中村福助(演出) 長年にわたって“卑弥呼”というテーマを温めてきた歌舞伎俳優の中村福助は、演出を手掛けます。「この公演が実現することとなりましたのも、皆さんと思いを共有できたからです。卑弥呼の舞は、いわゆる歌舞伎踊りではない、まったく新しいものになります」(中村福助)
常磐津文字兵衛(中棹三味線) 日本の音楽史は、仏教の聲明(しょうみょう)に始まり、雅楽や能、そして三味線、箏といった流れで、洋楽が100年前にほぼ定着しますが、日本の伝統音楽には音楽(楽器)を一堂に会して合奏する概念はありませんでした。今回のような合奏は 世界初。「西洋と日本の音楽、時代を超越した楽器が一堂に集まり、“新しい音”を紡ぎだすことになります」(常磐津文字兵衛)
大谷康子(ヴァイオリン) 映像や派手な舞台装置は用いないシンプルな演出です。
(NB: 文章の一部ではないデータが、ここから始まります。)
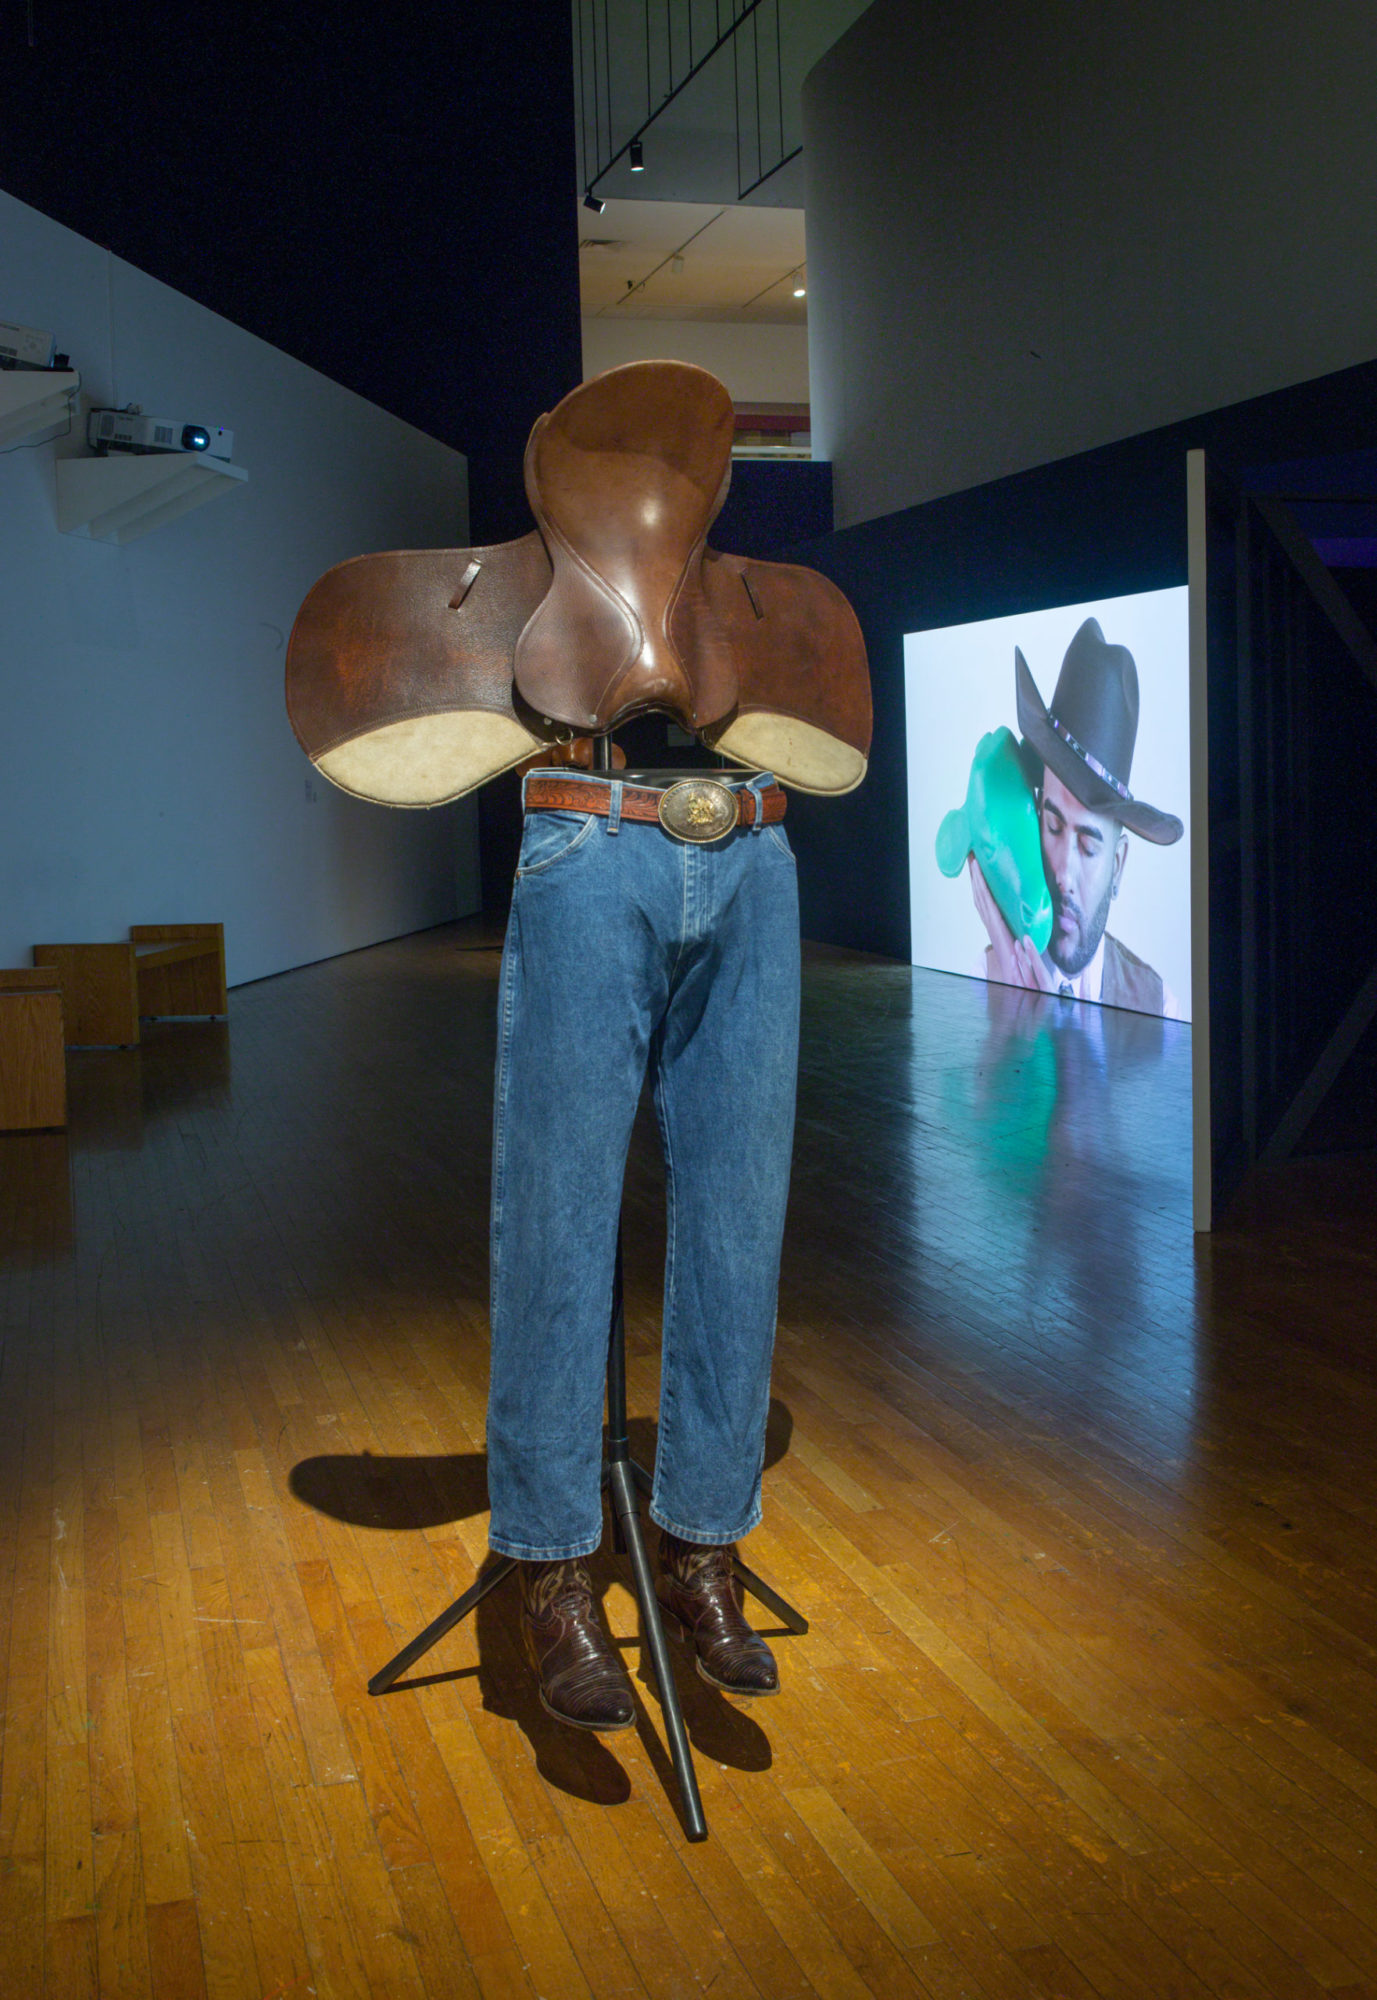 An installation view of Kenneth Tam's Silent Spikes at the Queen's Museum. The image features a sculpture of the legs of a mannequin clad in denim, cowboy boots, and a belt and the upper half being comprised of a brown leather saddle. The lights in the gallery space are dimmed.

奏者と舞踊家が客席で奏で、舞うシーンも用意されていて、ホールの空間すべてが祝祭空間となります。「さまざまなジャンルの素晴らしい共演者の方たちとご一緒できることを楽しみにしています。“卑弥呼”というテーマは、私たちに夢とロマンを抱かせてくれます。日本人の心に宿る古代への思いを描くように、卑弥呼を奏でます。おおらかで自由な時代にさかのぼって、客席の皆様と祝祭劇を共に創り上げる感動を分かち合いましょう」(大谷康子)
菅野由弘(作曲・指揮) この作品では、開闢-天地の別れし時、誕生、祝祭、日 -月に隠れて、月に祈る、復活…という一連の物語がスケールの大きな音楽と舞によって描かれます。「月に隠された卑弥呼が、月への祈りによって復活し、呼び戻される。芸術の力で新しい希望への扉を押し開き、すべての人の心の復活を願って、作曲しています。現代に生きる我々も日本の芸術の原点に帰り、東北の復活、日本の復活を願って、新たな芸術を創造しようではありませんか。音楽と舞踊、舞台芸術の力によって、新しい希望に満ちた世界を呼び戻しましょう」(菅野由弘) 中村児太郎(舞踊) 本作で卑弥呼を舞うのは、中村福助の息子、歌舞伎俳優・中村児太郎です。「父と相談しながら、父の卑弥呼像を自分の中に落とし込み、私なりの卑弥呼像を作り上げて体現したいと思っています」(中村児太郎) 音楽で卑弥呼を奏でる大谷と、舞で卑弥呼を演じる児太郎、音楽と舞踊、どんな形で卑弥呼が舞台に現れるか、お楽しみに!